Building Automation Workflows

From components to systems

The previous pages covered individual capabilities: skills define reusable behaviors, hooks provide deterministic execution, parallel agents tackle concurrent work, and CI/CD integration runs everything unattended. Separately, each solves narrow problems. Combined, they handle complex, multi-stage automation.

This page covers how to combine these components into production systems—practical patterns for building workflows that run reliably without human intervention.

Workflow composition patterns

Three patterns cover most production deployments.

Sequential pipelines:

Each stage completes before the next begins. Output flows forward.

analyze → plan → implement → test → review → deploy

Use sequential pipelines when stages depend on previous results. An implementation agent needs the plan. A test agent needs the implementation. The ordering isn't a preference—it's a constraint.

# Sequential skill composition
skills:
  release-prep:
    stages:
      - skill: code-analysis
        output: analysis.md
      - skill: changelog-generator
        input: analysis.md
        output: CHANGELOG.md
      - skill: version-bump
        input: CHANGELOG.md

The tradeoff: total duration equals the sum of all stages. No parallelization possible.

Fan-out/fan-in:

Work splits across parallel agents, then aggregates.

                 ┌─ ui-tests ──────┐
analyze ────────>├─ api-tests ─────┼───> aggregate → report
                 └─ security-scan ─┘

Use fan-out when tasks are independent but results need consolidation. Test suites covering different layers. Reviews from multiple perspectives. Documentation for different audiences.

# Parallel execution with aggregation
jobs:
  split:
    outputs:
      matrix: ${{ steps.analyze.outputs.components }}
    steps:
      - id: analyze
        run: echo "components=['ui','api','data']" >> $GITHUB_OUTPUT

  process:
    needs: split
    strategy:
      matrix:
        component: ${{ fromJson(needs.split.outputs.matrix) }}
    steps:
      - uses: anthropics/claude-code-action@v1
        with:
          prompt: "Review the ${{ matrix.component }} component"

  aggregate:
    needs: process
    steps:
      - name: Combine results
        run: |
          # Merge all component reviews into unified report

The tradeoff: aggregation adds complexity. Results from parallel agents may conflict. Someone has to write resolution logic—and that someone is you.

Hierarchical orchestration:

A coordinator agent delegates to specialists.

                    orchestrator
                    /    |     \
              planner  worker   reviewer
                         |
                      sub-worker

Use hierarchical when task scope is unknown upfront. The orchestrator decomposes dynamically based on what it discovers.

# Orchestrator pattern in Claude Code
skills:
  feature-implementation:
    context: fork
    agent: orchestrator
    body: |
      You coordinate feature implementation.
      Available specialists:
      - /architect: Design decisions
      - /implementer: Code changes
      - /tester: Test creation

      Analyze the request, delegate appropriately,
      and aggregate results.

The tradeoff: orchestrators add latency and cost.
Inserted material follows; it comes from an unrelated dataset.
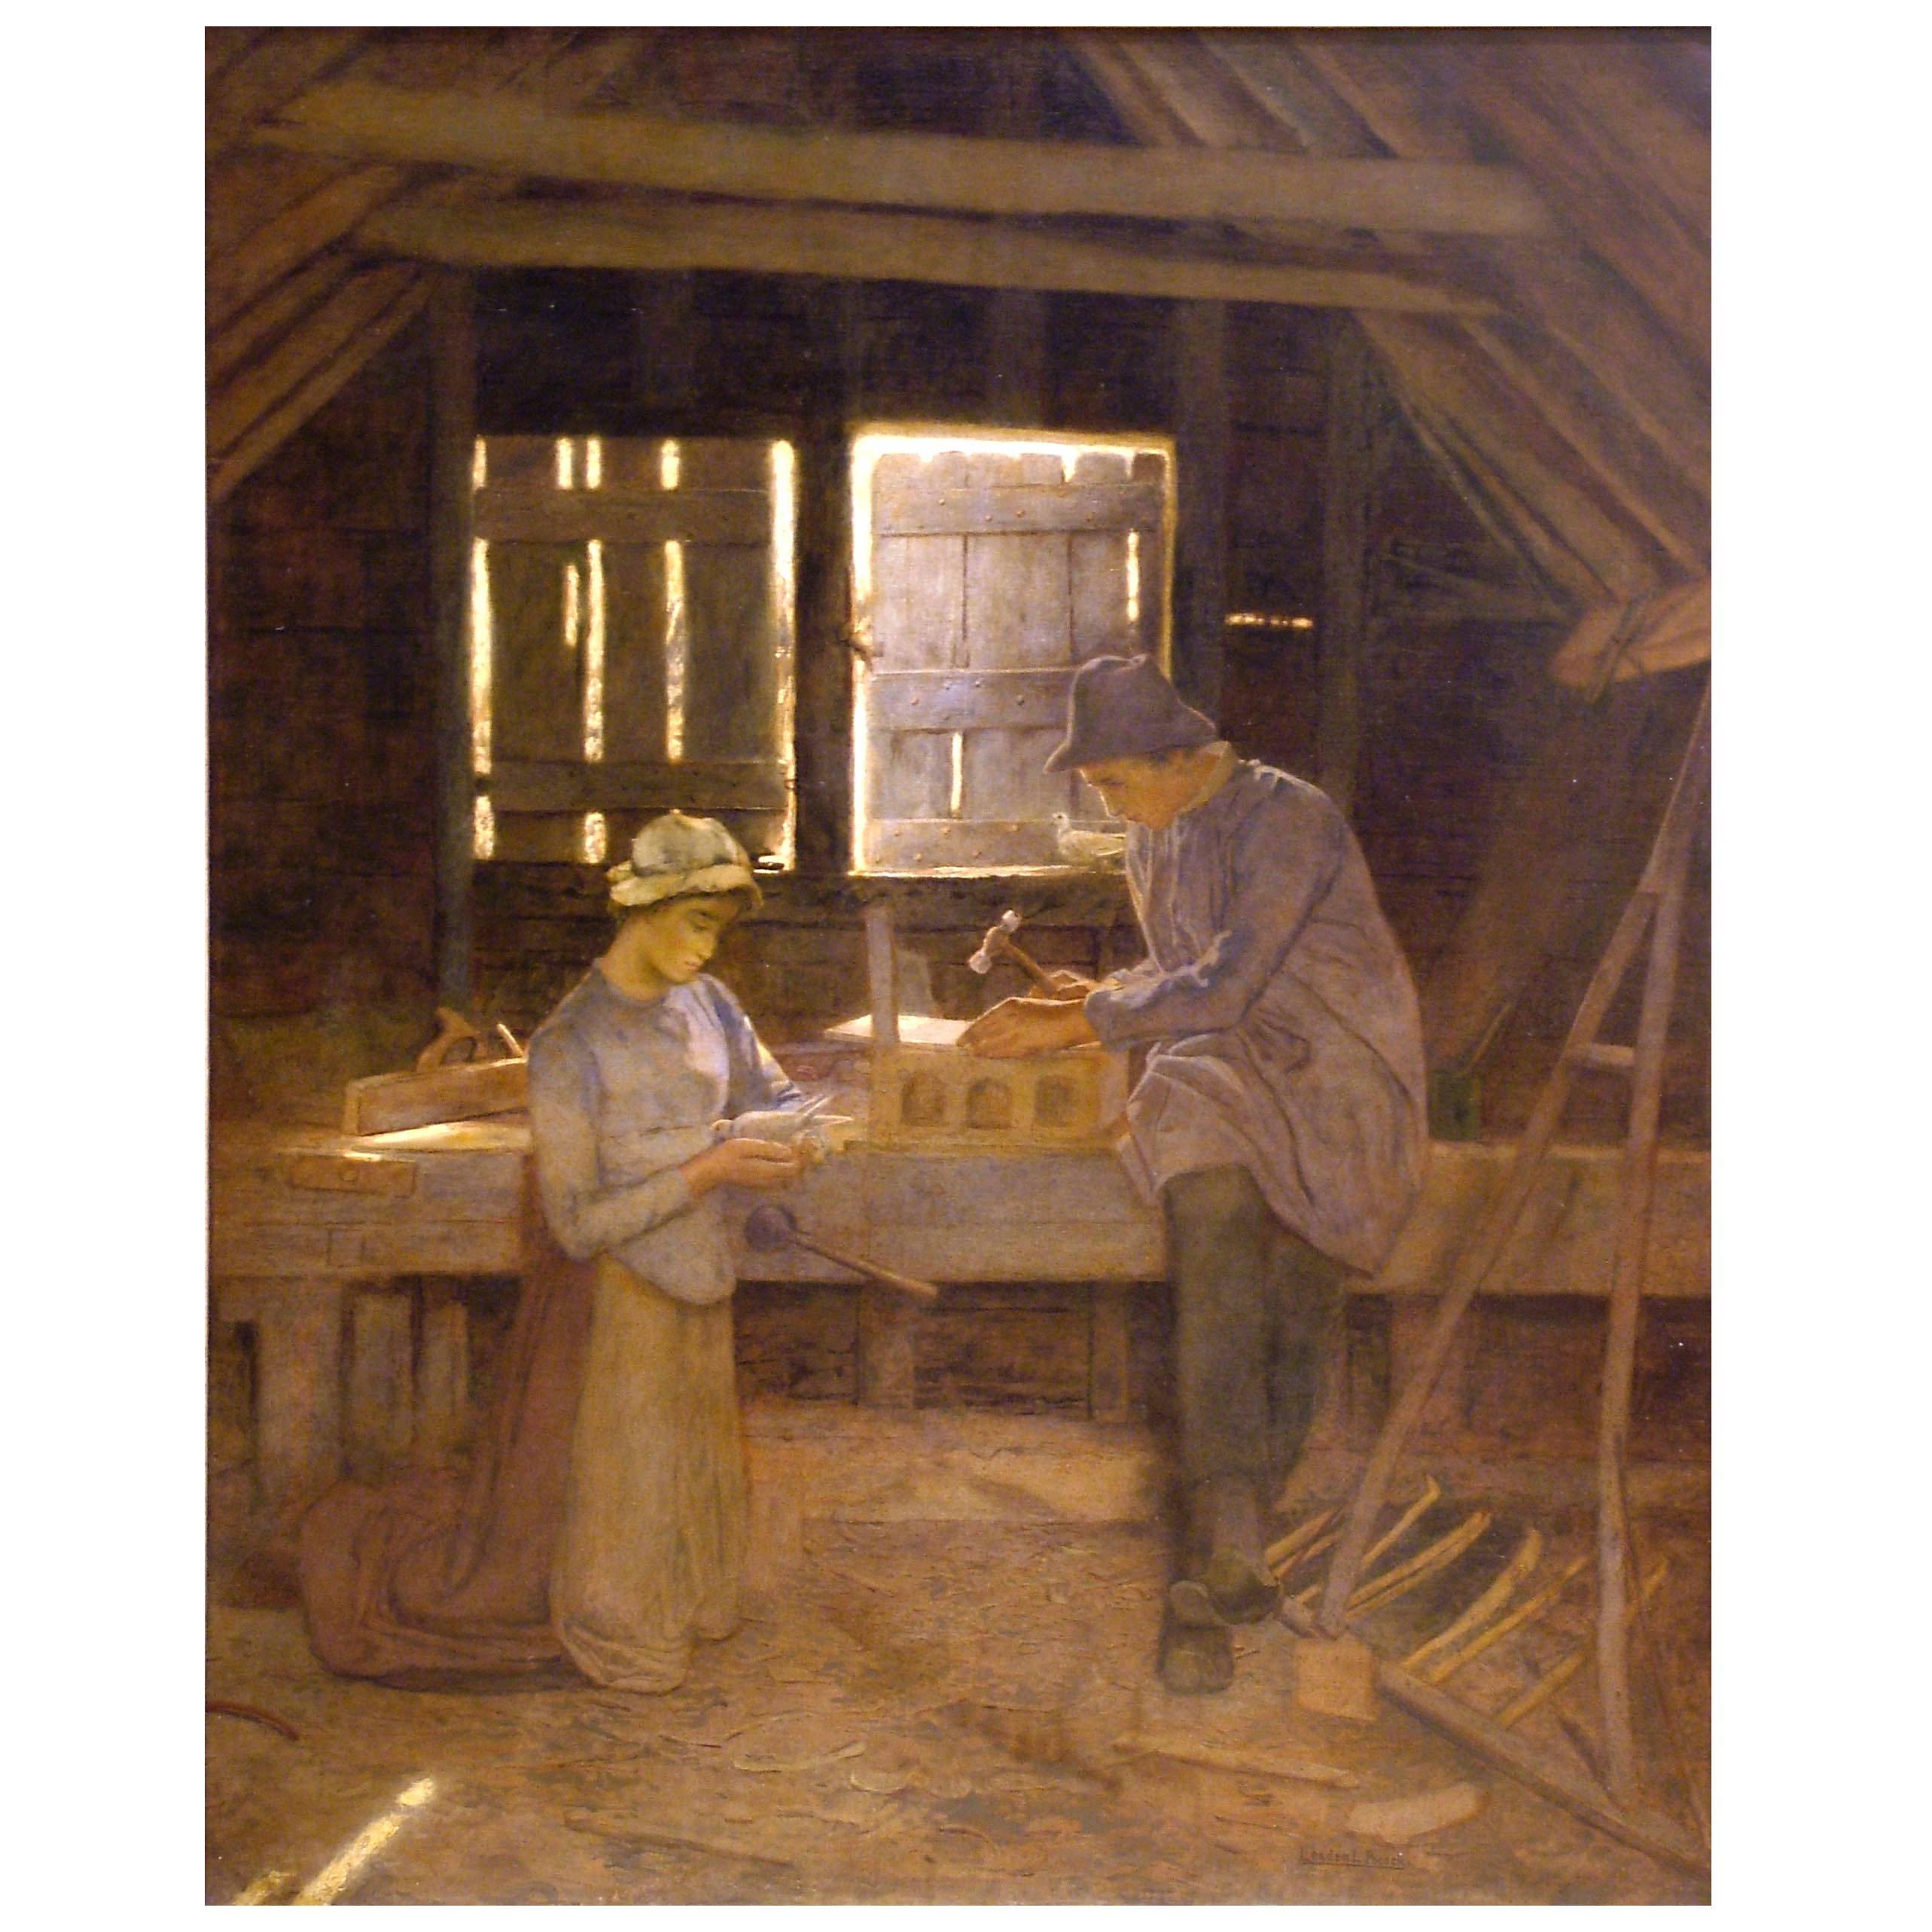 ‘Bucolic Joinings’ Painting by Lexden Lewis Pocock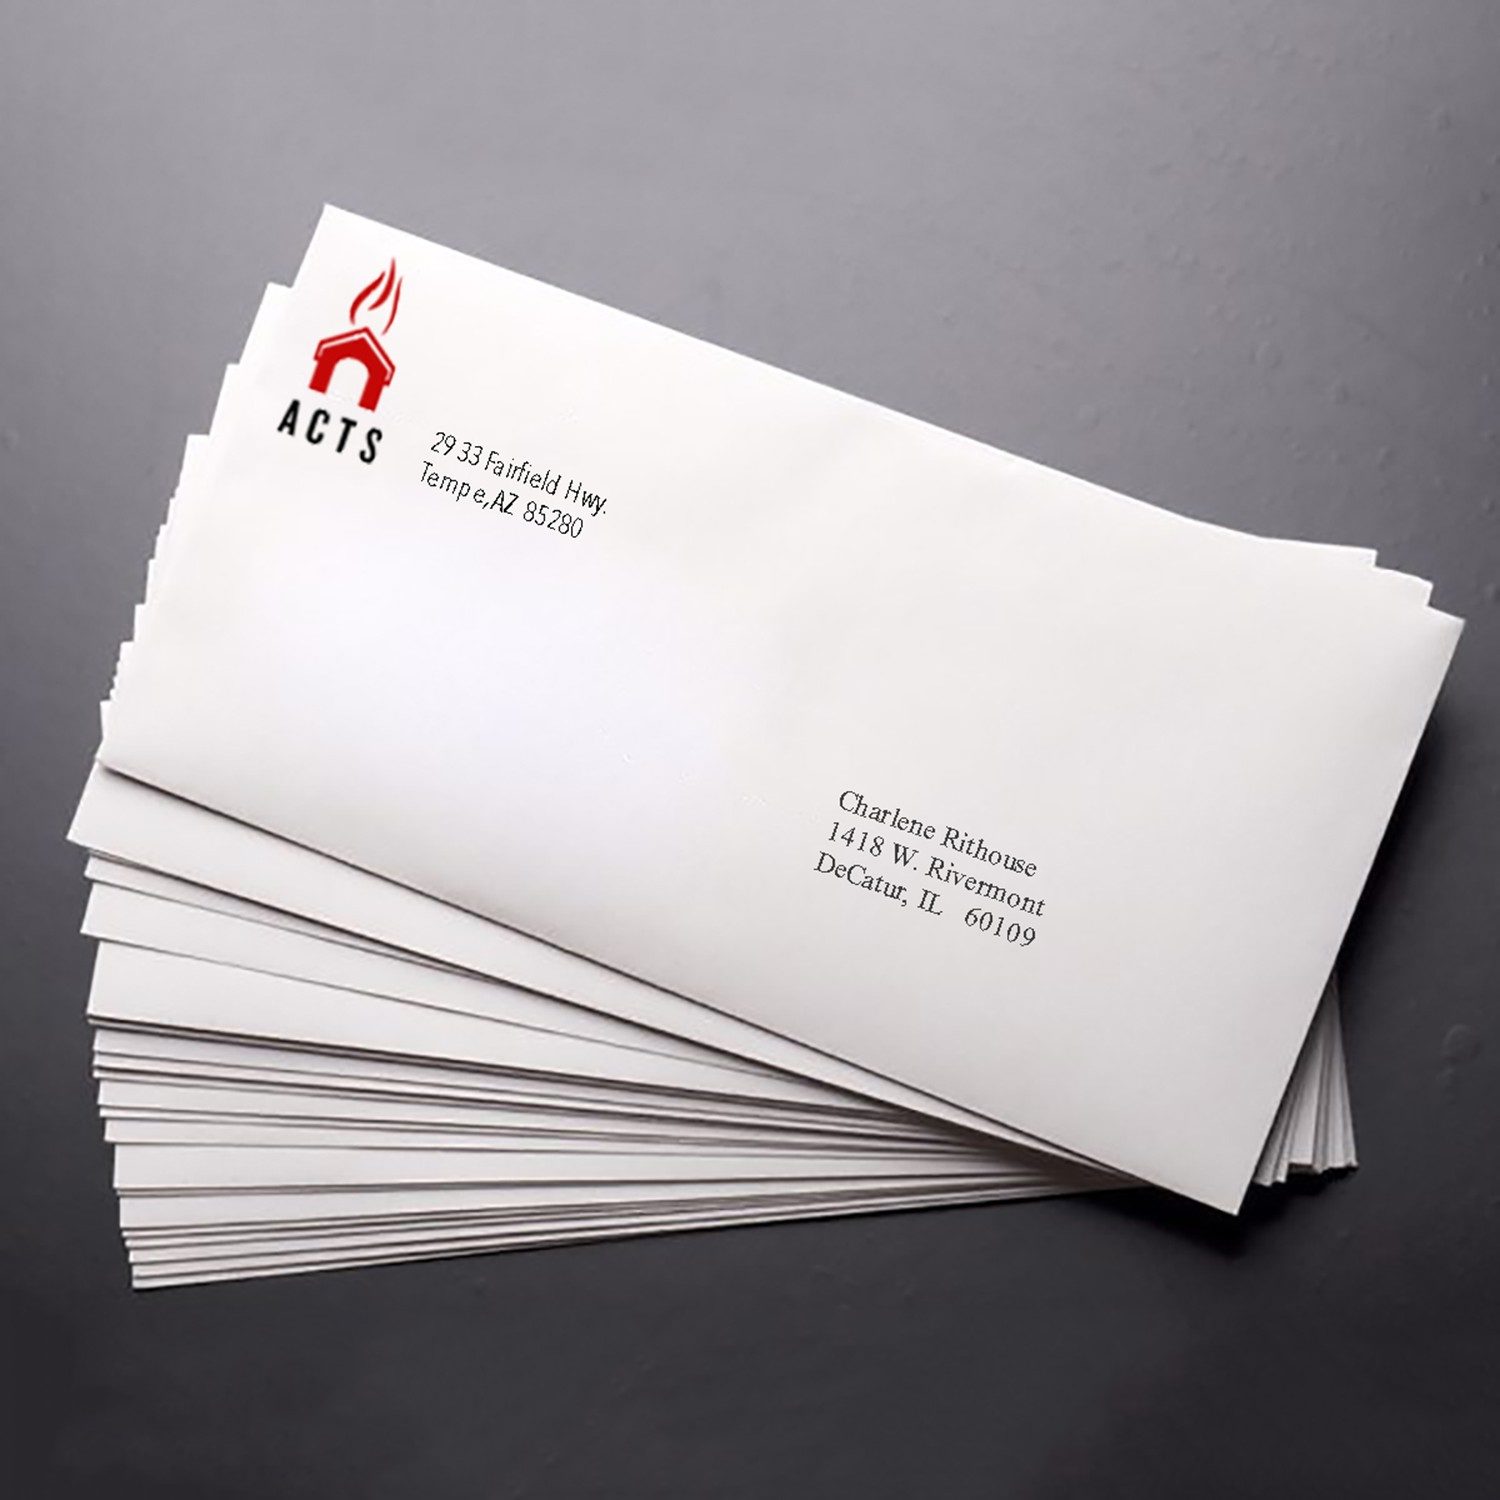 Mailing Services for Missionary Support and Fundraising - MissionaryCards.com

Every delegation is an additional agent invocation. Simple tasks don't need coordinators—you're paying for overhead that buys you nothing.

Start with sequential pipelines. Add parallelization when duration matters. Use hierarchical orchestration only when decomposition must happen at runtime.

Combining skills with hooks

Skills define what agents do. Hooks enforce what must happen around those actions.

Pre-execution validation:

{
  "hooks": {
    "PreToolUse": [
      {
        "matcher": "*",
        "hooks": [
          {
            "type": "command",
            "command": "python validate_action.py"
          }
        ]
      }
    ]
  }
}

The hook runs before every tool use. Skills operate within that constraint. A deployment skill cannot bypass the validation—hooks execute no matter what.

Post-execution quality gates:

{
  "hooks": {
    "PostToolUse": [
      {
        "matcher": "Edit|Write",
        "hooks": [
          {
            "type": "command",
            "command": "npm run lint -- --fix $file_path && npm run typecheck"
          }
        ]
      }
    ]
  }
}

Every file modification triggers linting and type checking. Skills that edit code automatically comply with quality standards.

Skill-specific hooks:

# In SKILL.md frontmatter
---
name: database-migration
hooks:
  pre:
    - command: "pg_dump $DATABASE_URL > backup.sql"
  post:
    - command: "npm run migration:verify"
---

Migration-specific hooks: backup before, verify after. These run in addition to global hooks.

Multi-agent workflow design

Enterprise workflows often require multiple agents working together. Patterns that work at scale share common characteristics.

Clear handoff protocols:

Agents need explicit interfaces. What does one agent produce? What does the next agent expect?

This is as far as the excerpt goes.